The safety and scientific validity of this study is the responsibility of the study sponsor and investigators. Listing a study does not mean it has been evaluated by the U.S. Federal Government. Read our disclaimer for details.
 
ClinicalTrials.gov Identifier: NCT04258098
Recruitment Status : Completed
First Posted : February 6, 2020
Last Update Posted : February 6, 2020
Sponsor:
Information provided by (Responsible Party):
Hongbo Wei, Third Affiliated Hospital, Sun Yat-Sen University

Brief Summary:
Surgical site infections (SSIs) are a major postoperative complication after colorectal surgery. Current study aims to evaluate prophylactic function of oral antibiotic intake (OA) in combination with mechanical bowel preparation (MBP) relative to MBP alone with respect to postoperative SSIs incidence. A retrospective analysis of eligible patients was to conducted using the databases of the Gastrointestinal Surgery Centre, Third Affiliated Hospital of Sun Yat-sen University from 2011 to 2017. Data pertaining to postoperative hospital stay length, expenses, SSIs incidence, anastomotic fistula incidence, and rates of other complications wloud be extracted and compared. A propensity analysis was conducted to minimize bias associated with demographic characteristics.

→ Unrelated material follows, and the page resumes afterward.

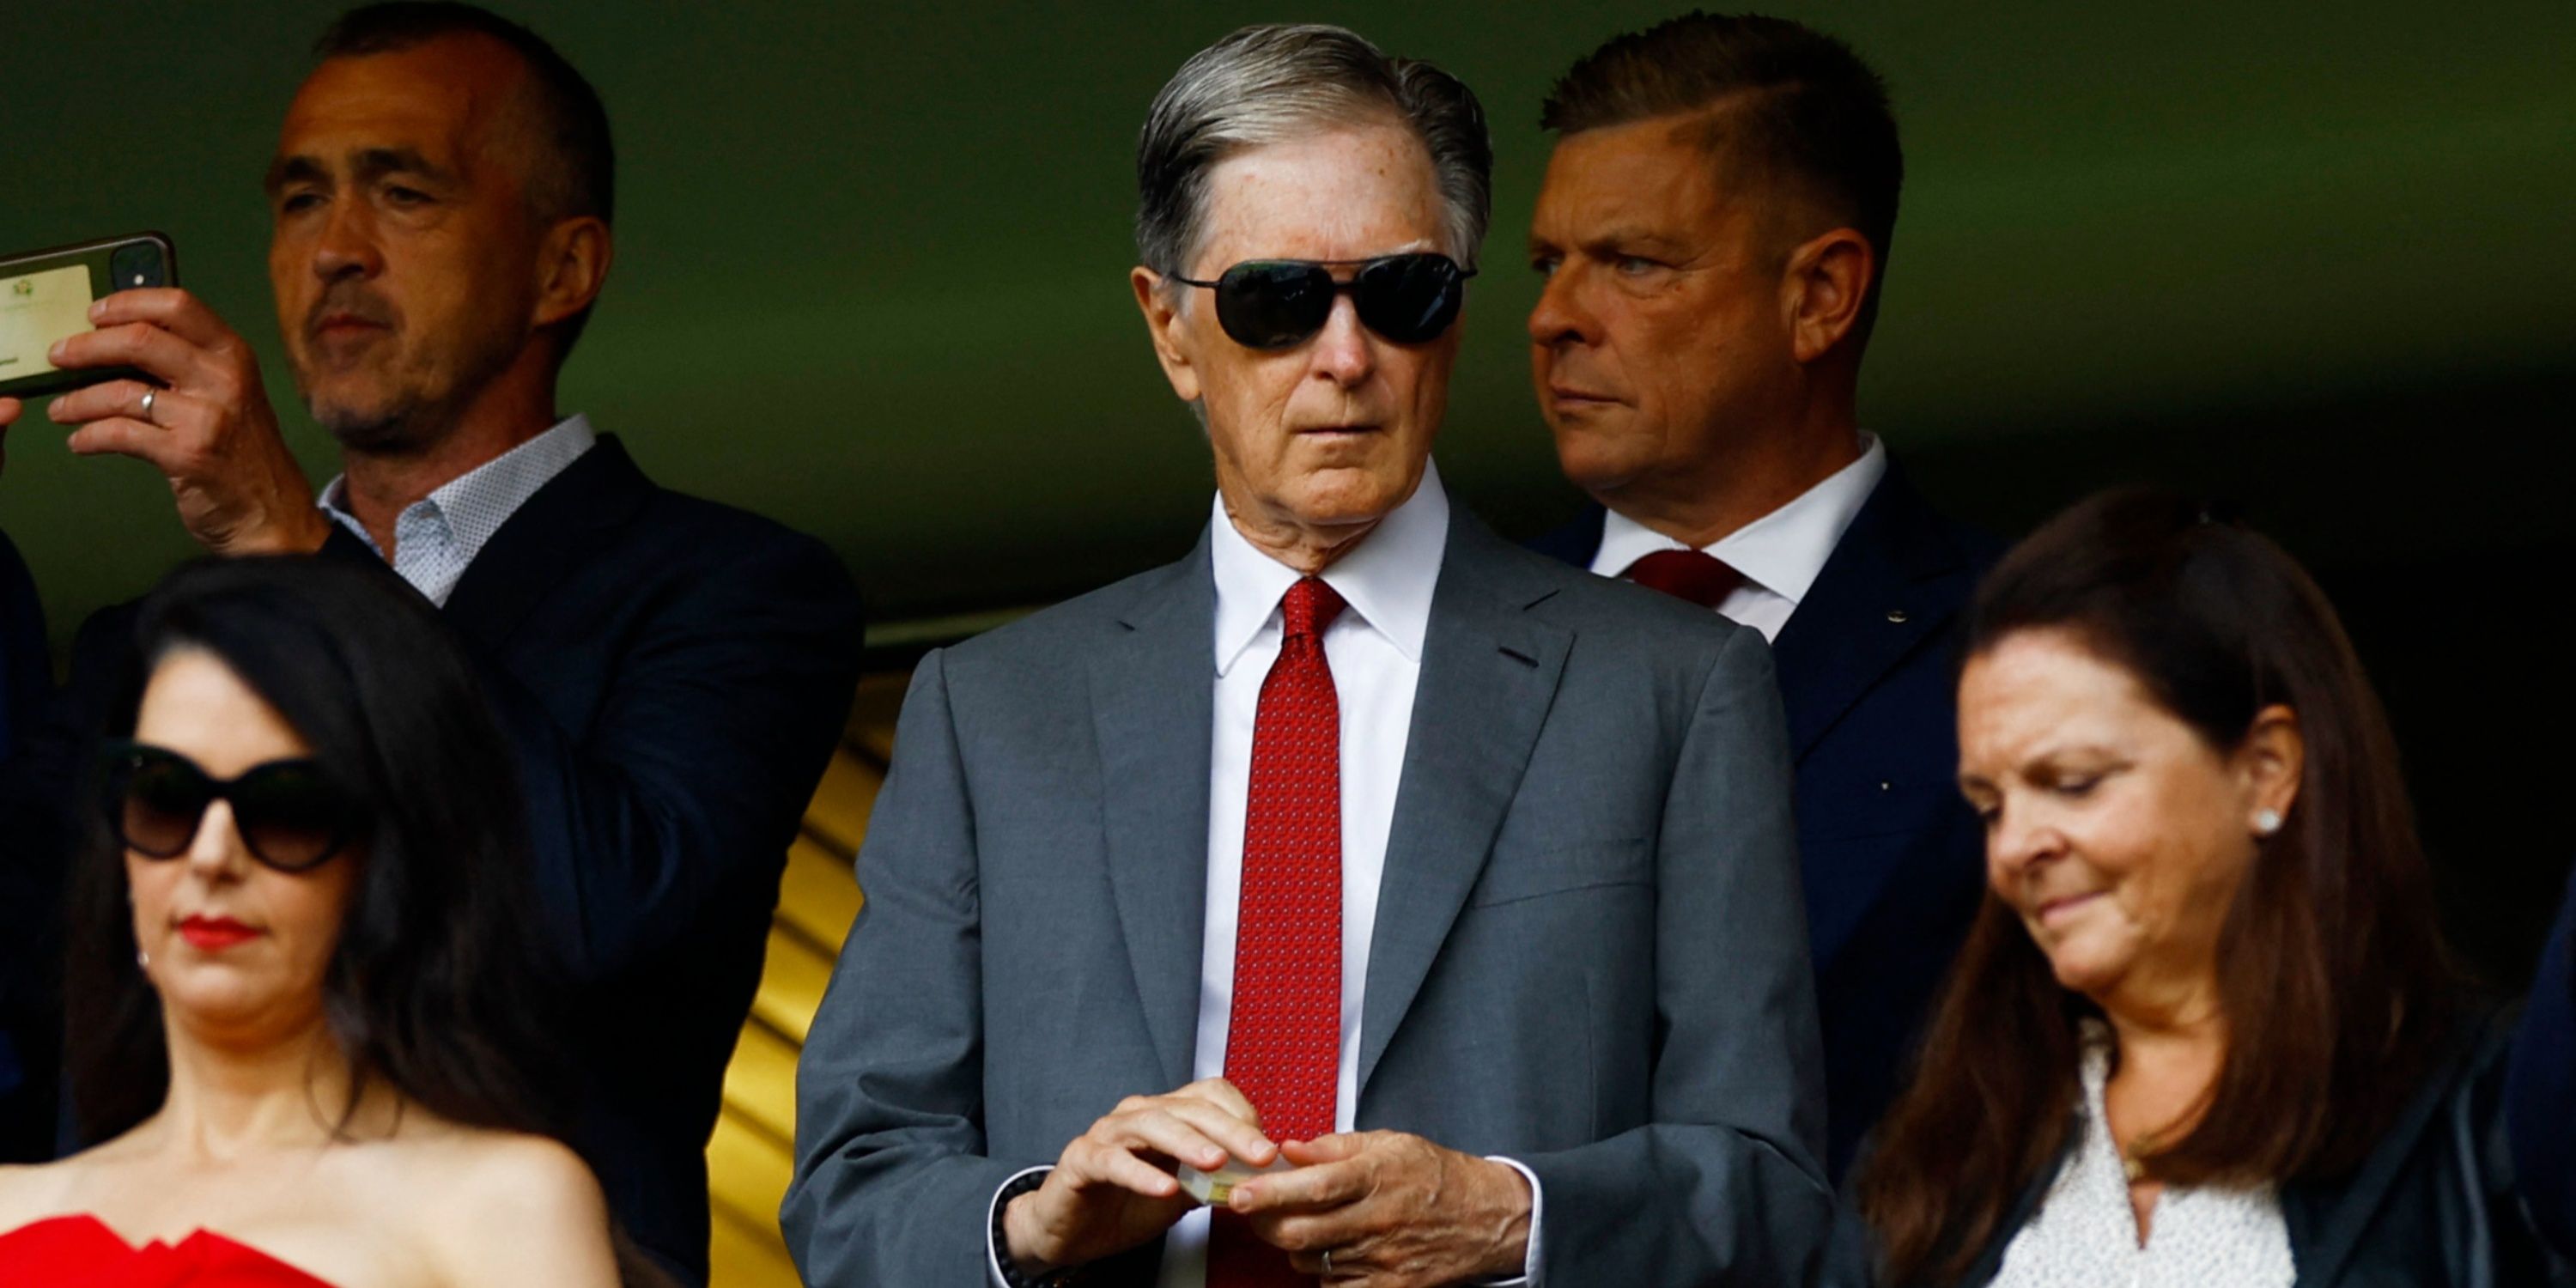 Liverpool owner John W. Henry watching on from the stands

Condition or disease Intervention/treatment
Surgical Site Infection Colorectal Cancer Drug: Oral antibiotics ( Streptomycin ,metronidazole )

Detailed Description:

Surgical site infections (SSIs) are a major postoperative complication after abdominal surgery, especially in the colorectal field. With a reported incidence of over 20%, SSIs significantly increase the length of stay (LOS), readmission rate, expenses, and mortality . Therefore, the identification of an effective method of reducing SSIs incidence is critically important.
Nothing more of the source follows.